Full Self-Crashing
In Netflix's latest apocalypse vehicle, a bunch of self-driving Teslas go haywire, seemingly trying to hit Julia Roberts and her family.
With a star-studded cast including Roberts, Ethan Hawke, Mahershala Ali, and Kevin Bacon, the new Sam Esmail-directed joint "Leave the World Behind" involves a mysterious auditory cyberattack that makes people — and apparently cars — go rogue.
In the scene, which like the film is set in a Long Island town near a peri-apocalyptic New York City, Roberts' perturbed character surveys a pileup of empty white Tesla Model 3s.
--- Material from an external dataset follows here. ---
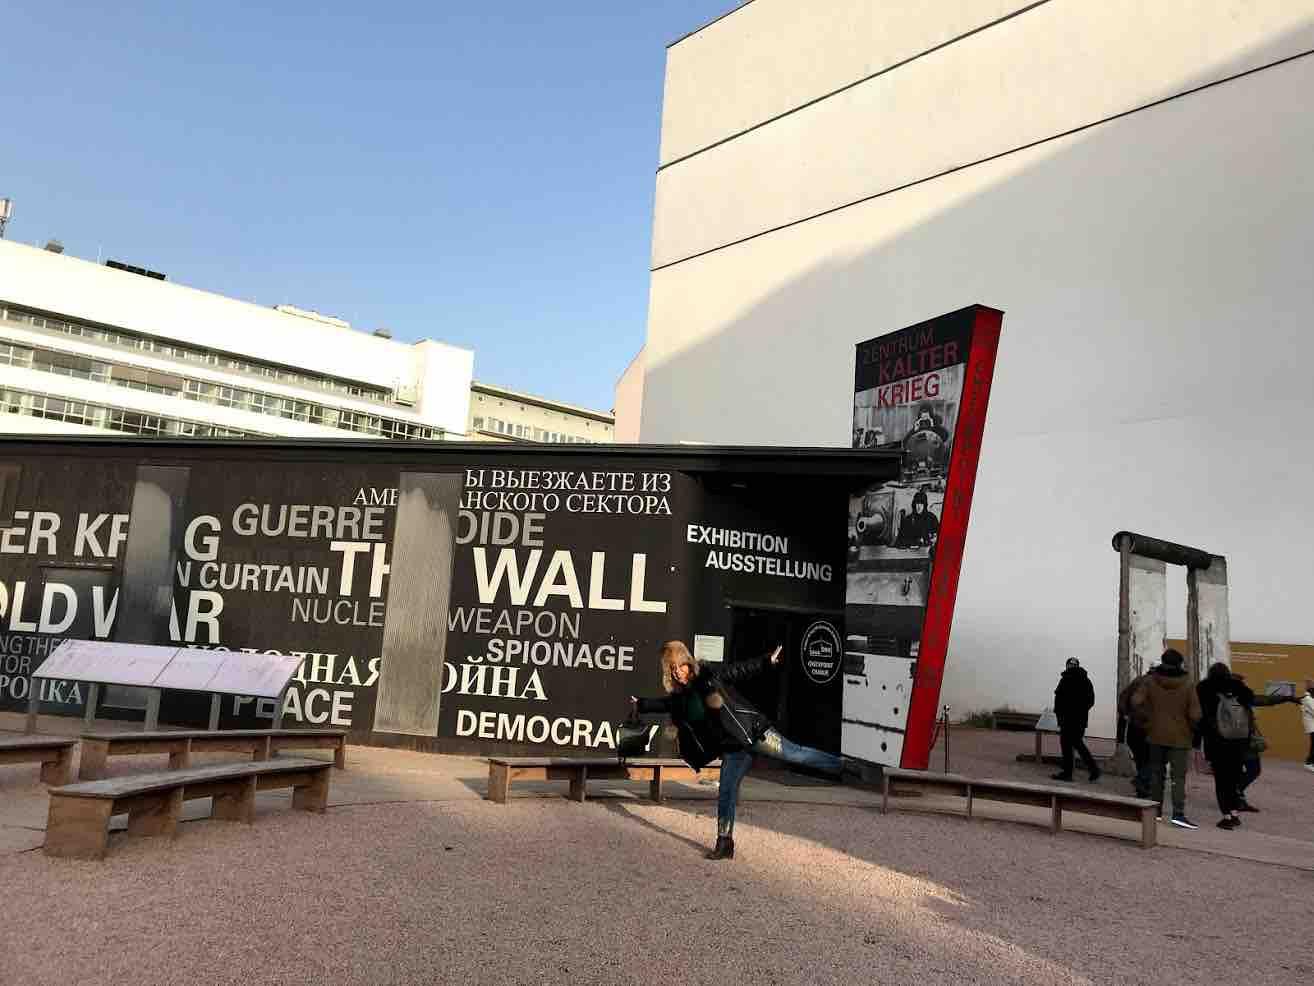 WallMuseumIMG_0376.jpg

She realizes that all the electric vehicles have dealer stickers still on them, meaning they're all new.
The camera zooms in to warnings about the cars' "self-driving safety features" just in time for her to realize that yet another white Tesla speeding towards her family's SUV is driving itself — and that it, and the ones behind it, plan to hit anything or anyone in their way.
RUN JULIA ROBERTS RUNNNNN
Leave the World Behind is now on Netflix. pic.twitter.com/0C1WgAmLpf
— Netflix (@netflix) December 8, 2023
Based on a 2020 novel of the same name by author Rumaan Alam, the film adaptation has a buckwild Tesla scene that's sure to ratchet up the already very substantial scrutiny onTesla's Autopilot and Full Self-Driving (FSD) modes, which offer plenty of dangers in the real world, too.
Trigger Warning
Following the film's release over the weekend, news of its chilling modern plot made its way around the site formerly known as Twitter. Soon after, the site's owner, who also happens to own Tesla and who doesn't seem to have watched the film or the clip, jumped into the foray.
"Teslas can charge from solar panels," Elon Musk tweeted, "even if the world goes fully Mad Max and there is no more gasoline!"
The issue with these cars, of course, isn't that they're electric, but rather that they are driving themselves, sometimes to deadly effect. That massive oversight was not at all missed by X users, who joked about how the film "triggered" the site's owner.
Triggers aside, Esmail, the director famed as the showrunner for "Mr. Robot," did admit to Rolling Stone that he didn't get permission from Tesla to use all those cars in the scene.
"Look, I wrote it in the script," he told the magazine. "I asked my amazing props guy, Bobby, to bring a bunch of Teslas out on the street. We shot the scene. I edited it in post, I showed it to Netflix, I crossed my fingers. And to this day, no one has said anything to me."
Now that it's on Musk's radar, that may not hold true — but then again, it seems doubtful that the ever-busy billionaire has or will watch the film, so who's to say?